*** Opening INFORMATION PROVIDED ***

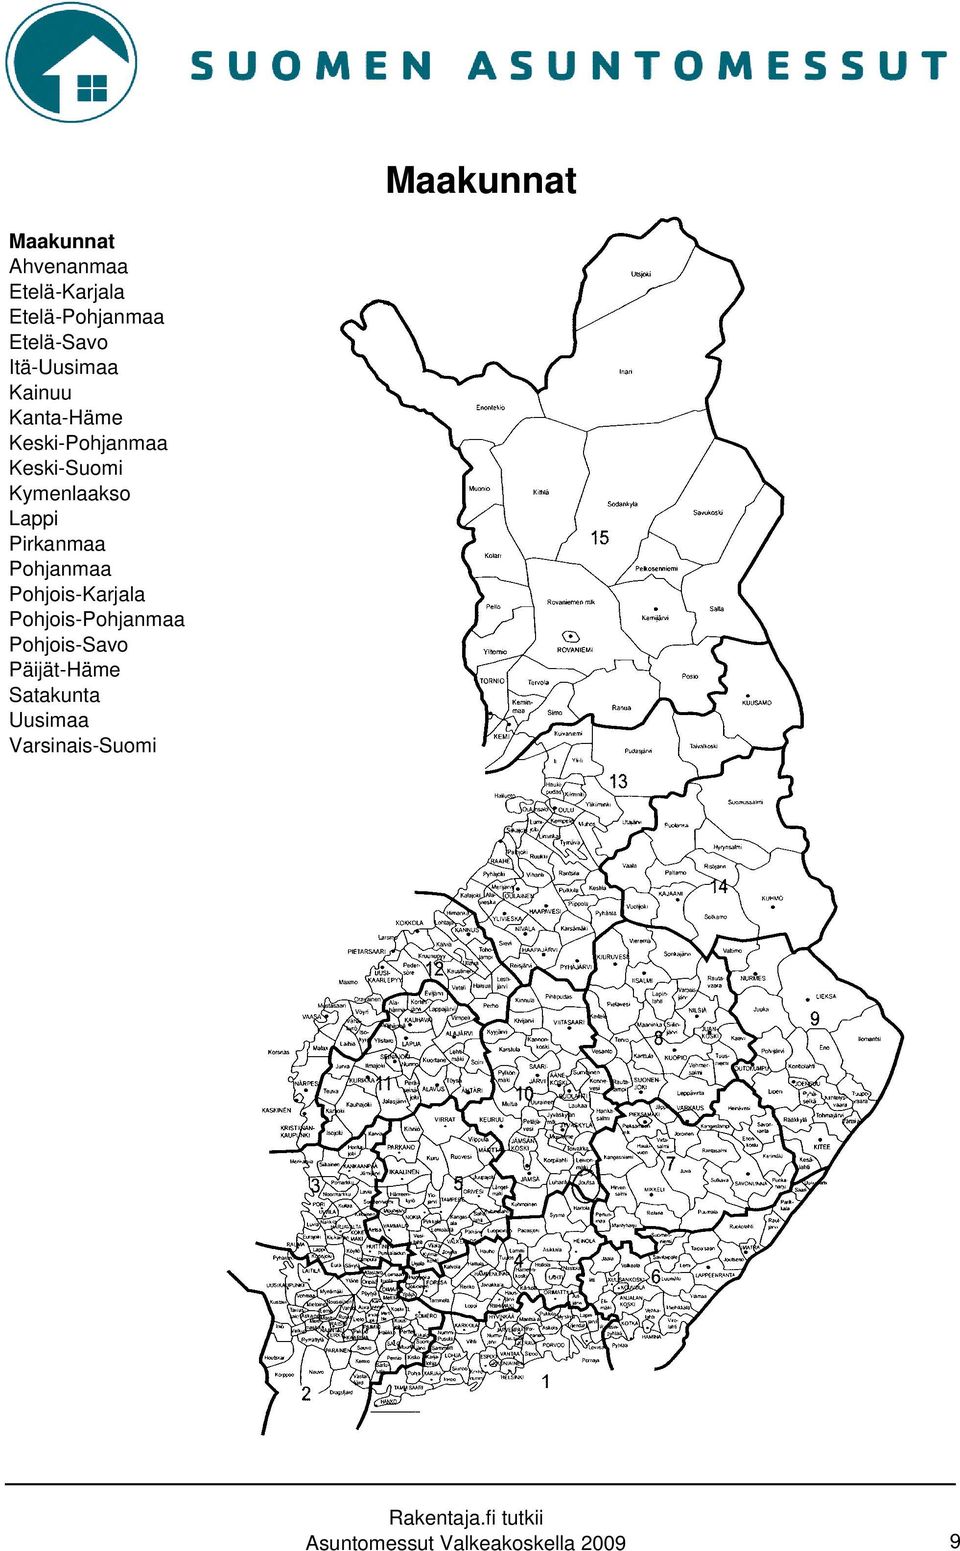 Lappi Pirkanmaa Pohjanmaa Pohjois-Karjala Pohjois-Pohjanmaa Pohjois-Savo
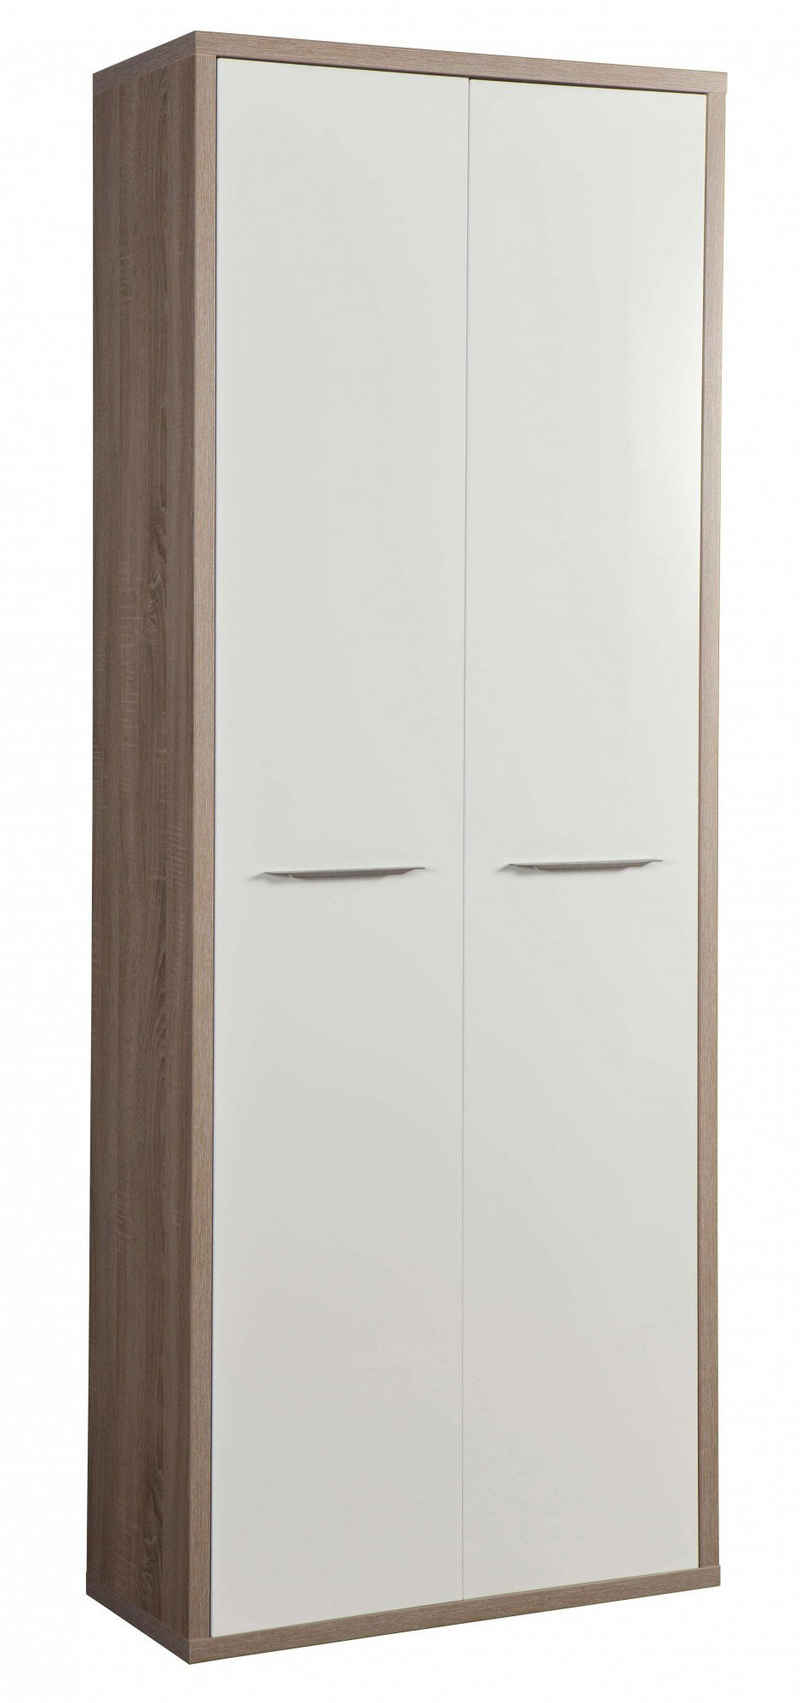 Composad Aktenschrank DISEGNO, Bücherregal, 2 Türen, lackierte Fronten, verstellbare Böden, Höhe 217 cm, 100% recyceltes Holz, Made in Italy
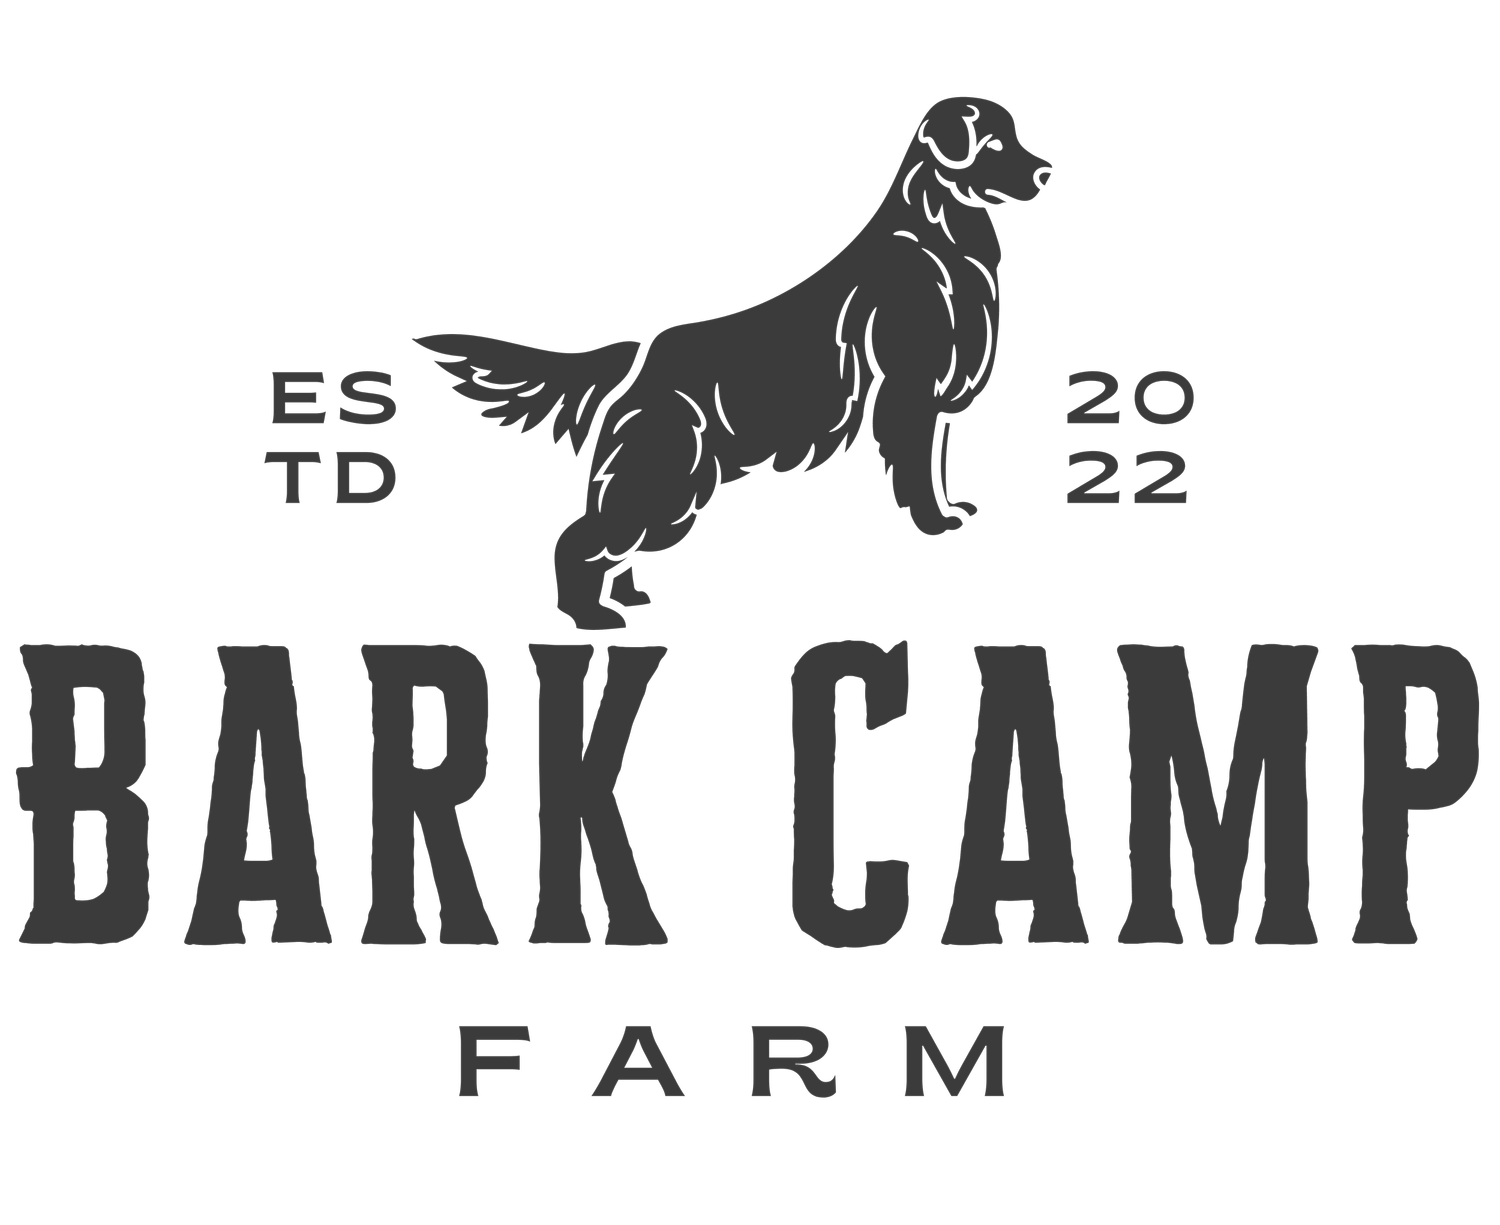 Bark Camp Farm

*** Closing INFORMATION PROVIDED ***

▶ [PROBLEM DESCRIPTION]
Each line of the data should be printed again exactly. Please leave pictures out.

▶ [EXPECTED OUTPUT]
 Lappi Pirkanmaa Pohjanmaa Pohjois-Karjala Pohjois-Pohjanmaa Pohjois-Savo
 Composad Aktenschrank DISEGNO, Bücherregal, 2 Türen, lackierte Fronten, verstellbare Böden, Höhe 217 cm, 100% recyceltes Holz, Made in Italy
 Bark Camp Farm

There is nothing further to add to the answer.